Looking at the OpenAI AGI roadmap, we are currently at AGI level 2, Altman mentioned that it took some time to go from L1 to L2, but I believe one of the most exciting things about L2 is its ability to relatively quickly achieve L3, with this technology expected to eventually bring about very powerful intelligent entities.

L1: ChatBot, an AI with conversational abilities.

L2: The reasoner we have just reached, an AI that can solve problems like humans.

L3: Agent, an AI system that not only can think but also take actions.

L4: Innovator, an AI that can assist in invention and creation.

L5: The organizer (Organization) is an AI that can complete organizational work.

Microsoft CTO Scott mentioned at the Goldman Sachs conference that the AI revolution is faster than the internet revolution.

I do not believe we are experiencing diminishing returns; we are making progress, and the rise of artificial intelligence is still in its early stages. I encourage people not to be overwhelmed by hype, but artificial intelligence is becoming increasingly powerful. Those of us working at the forefront can see that there are still many untapped powers and capabilities.

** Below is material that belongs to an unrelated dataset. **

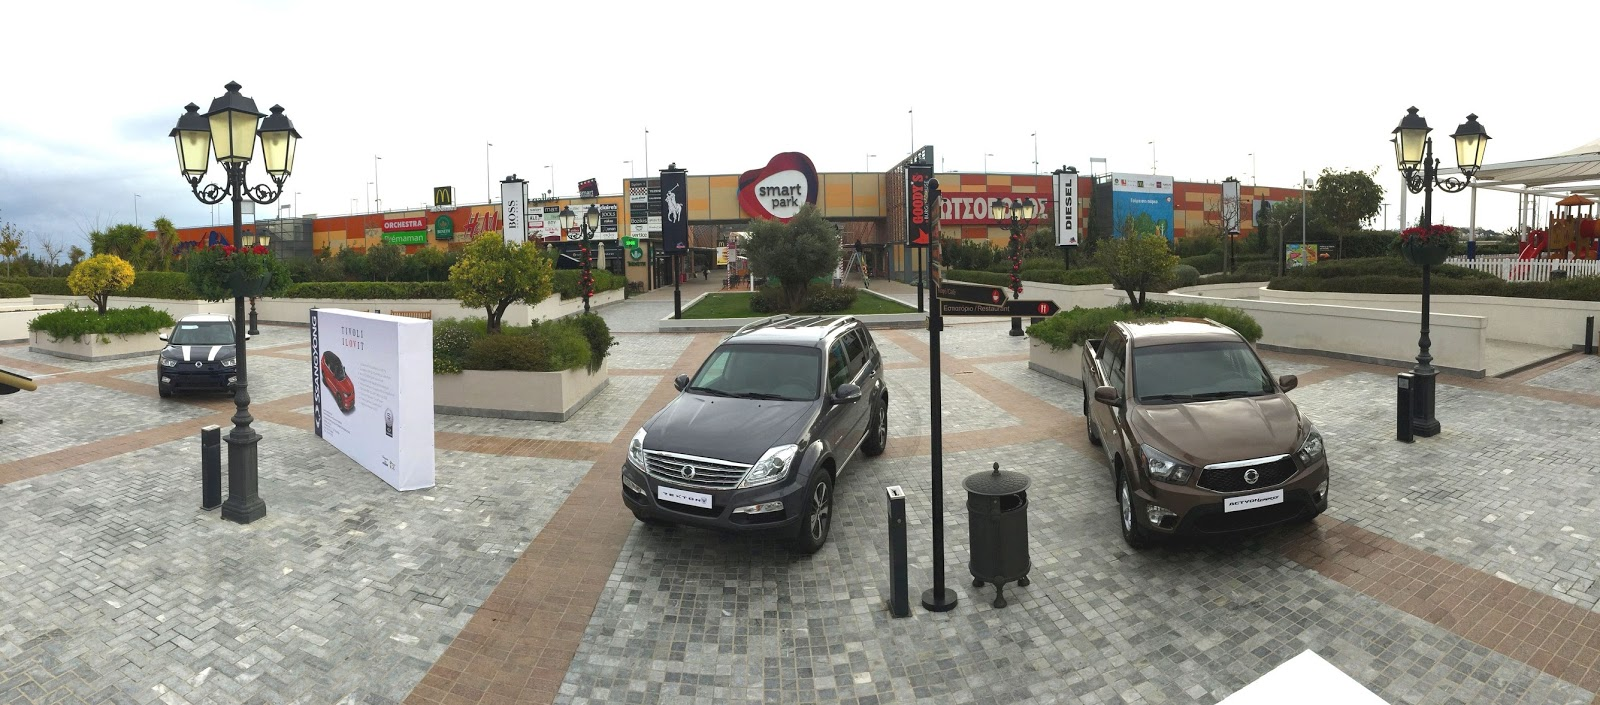 3%2BSY%2BMAG Δες και οδήγησε το SsangYong TIVOLI 1.6 Diesel στο εμπορικό κέντρο McARTHURGLEN SsangYong, SsangYong Actyon, SsangYong Actyon Sports, SsangYong Rexton, SsangYong Tivoli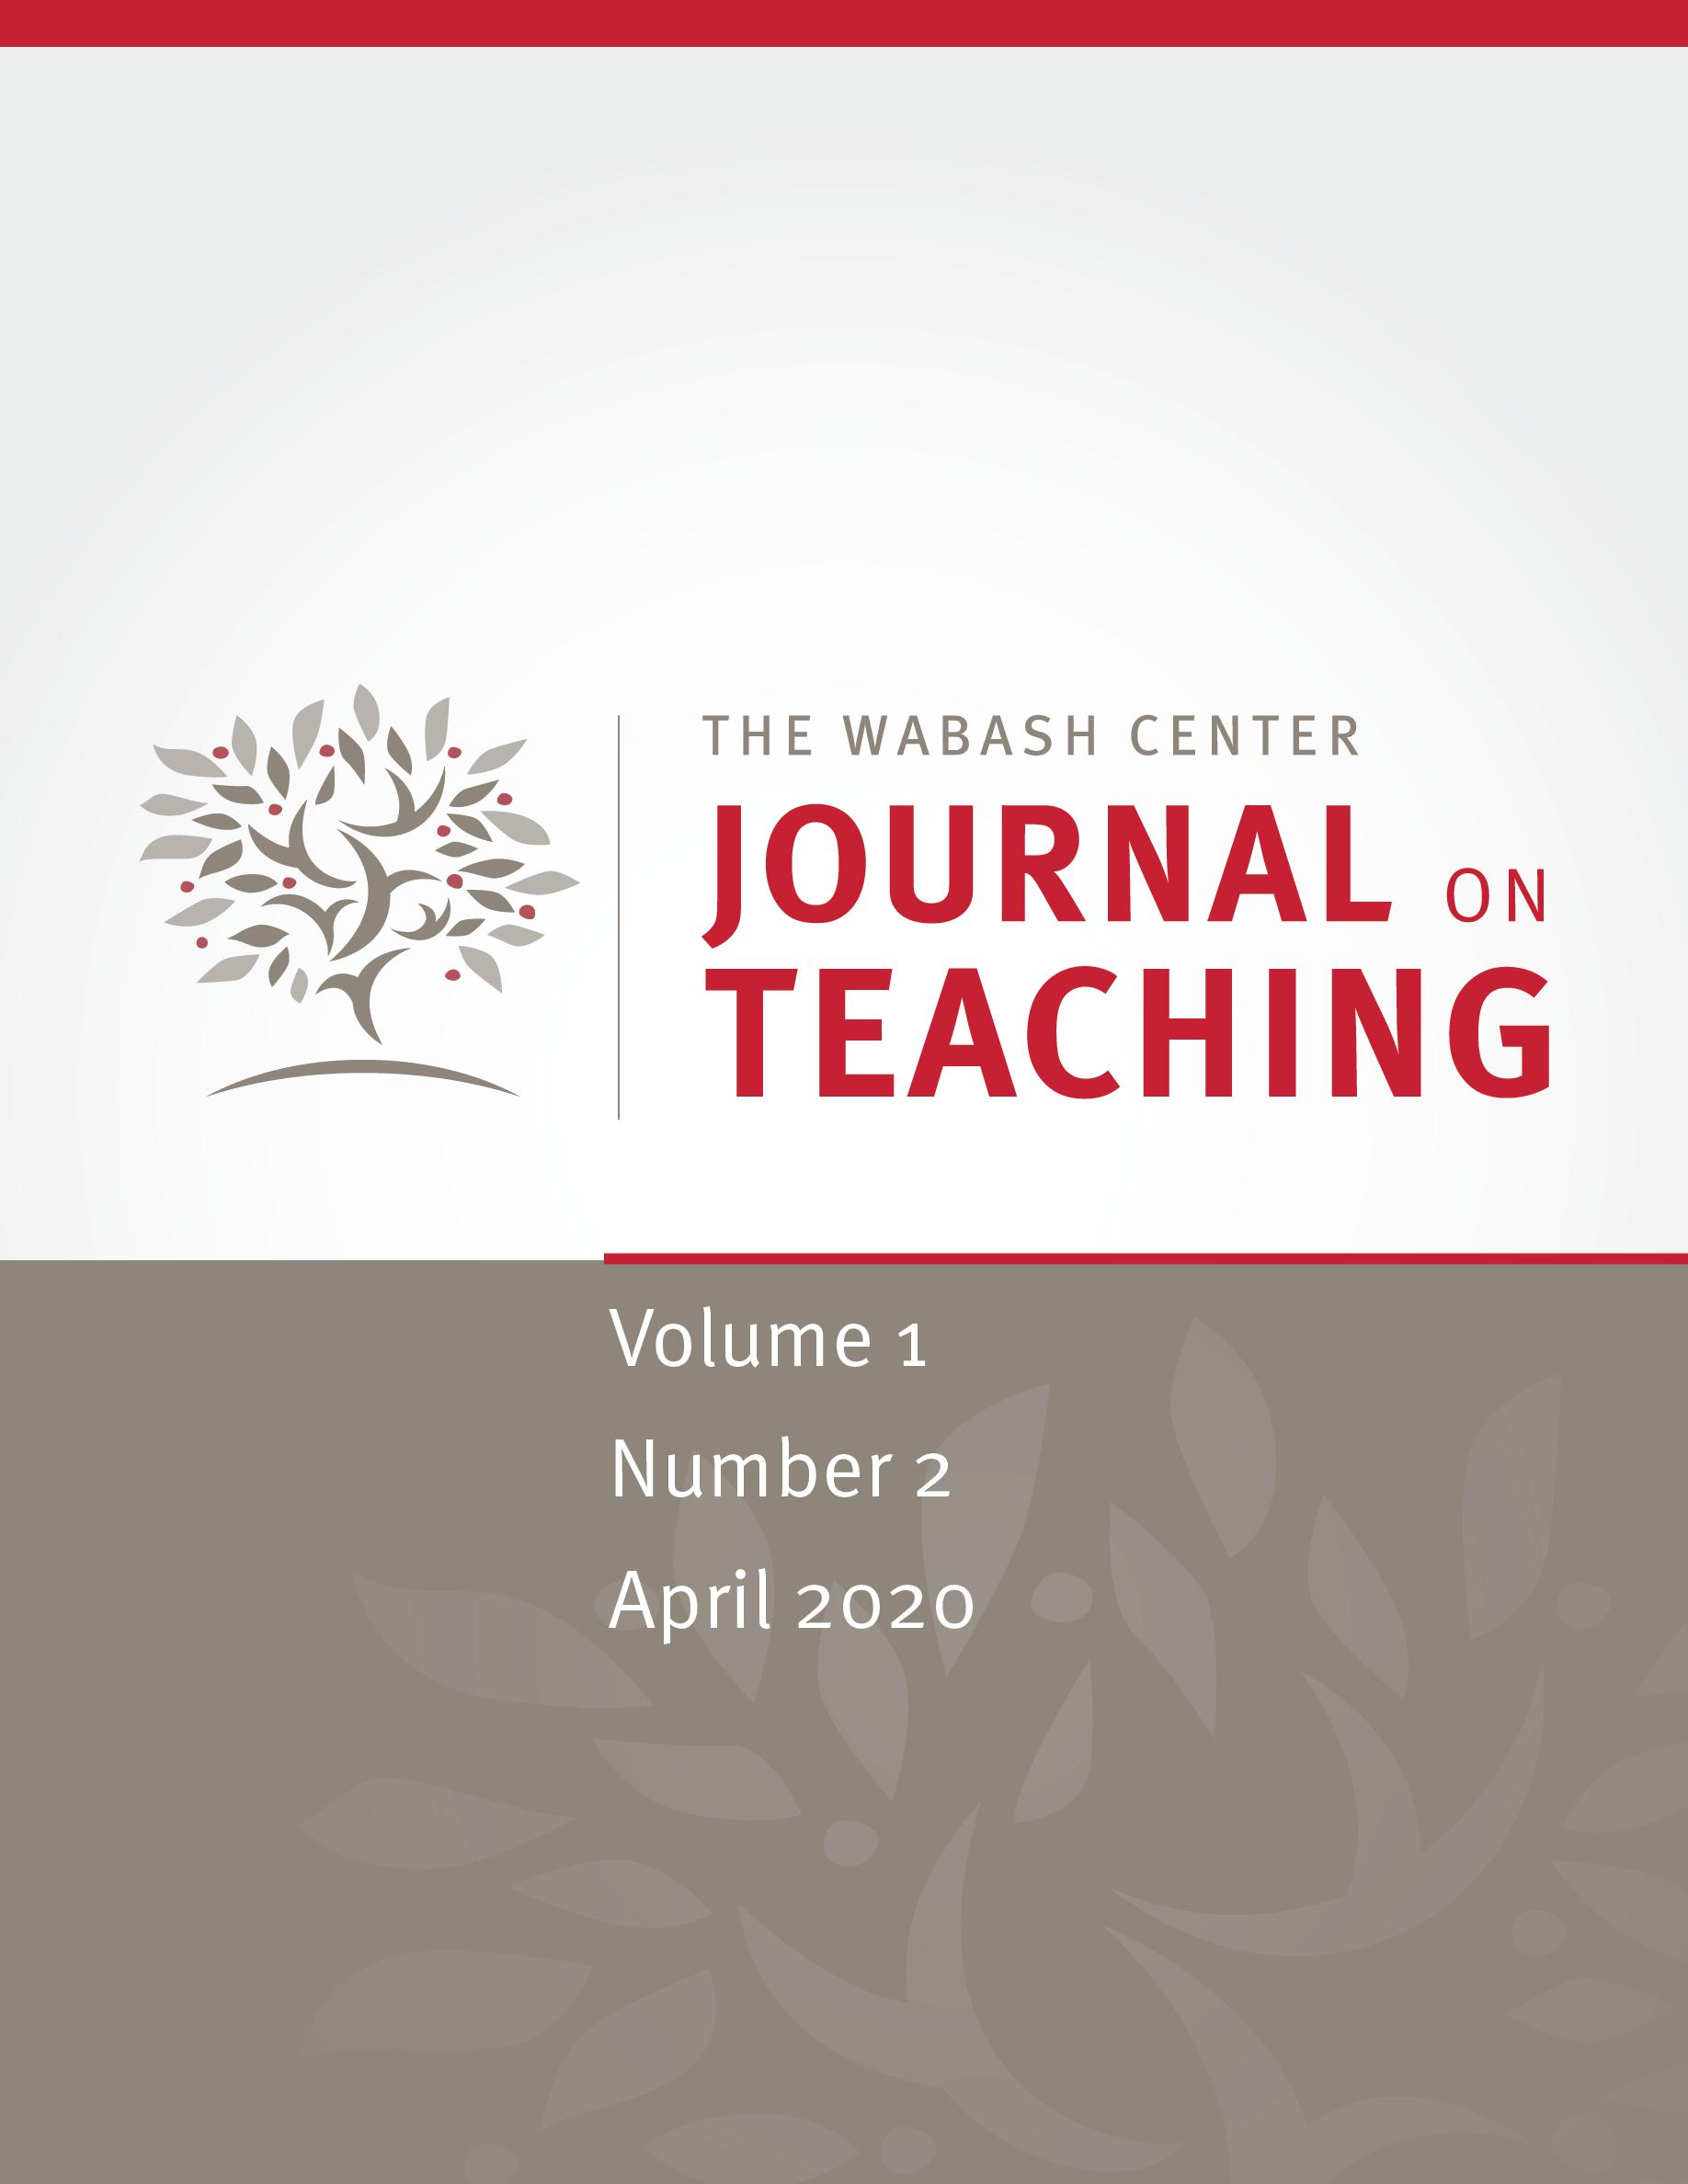 JoT volume 1, issue 2 (April 2020)

Although the artificial intelligence revolution, the internet, and the emergence of smartphones and other previous technological breakthroughs have similarities, this time is different. At least in terms of construction, everything may happen faster than what we have seen in previous revolutions.

What is the principle of the self-evolution of the o1 model?

Specifically, the reason why the o1 model performs so impressively is that AI has learned to use Conceptual Thinking (CoT) technology through Reinforcement Learning (RL) to solve problems.

The so-called Conceptual Thinking technology refers to mimicking the human thinking process. Compared to the quick response of previous large models, the o1 model takes time to deeply think before answering questions, internally generating a long chain of thinking, gradually reasoning and perfecting each step.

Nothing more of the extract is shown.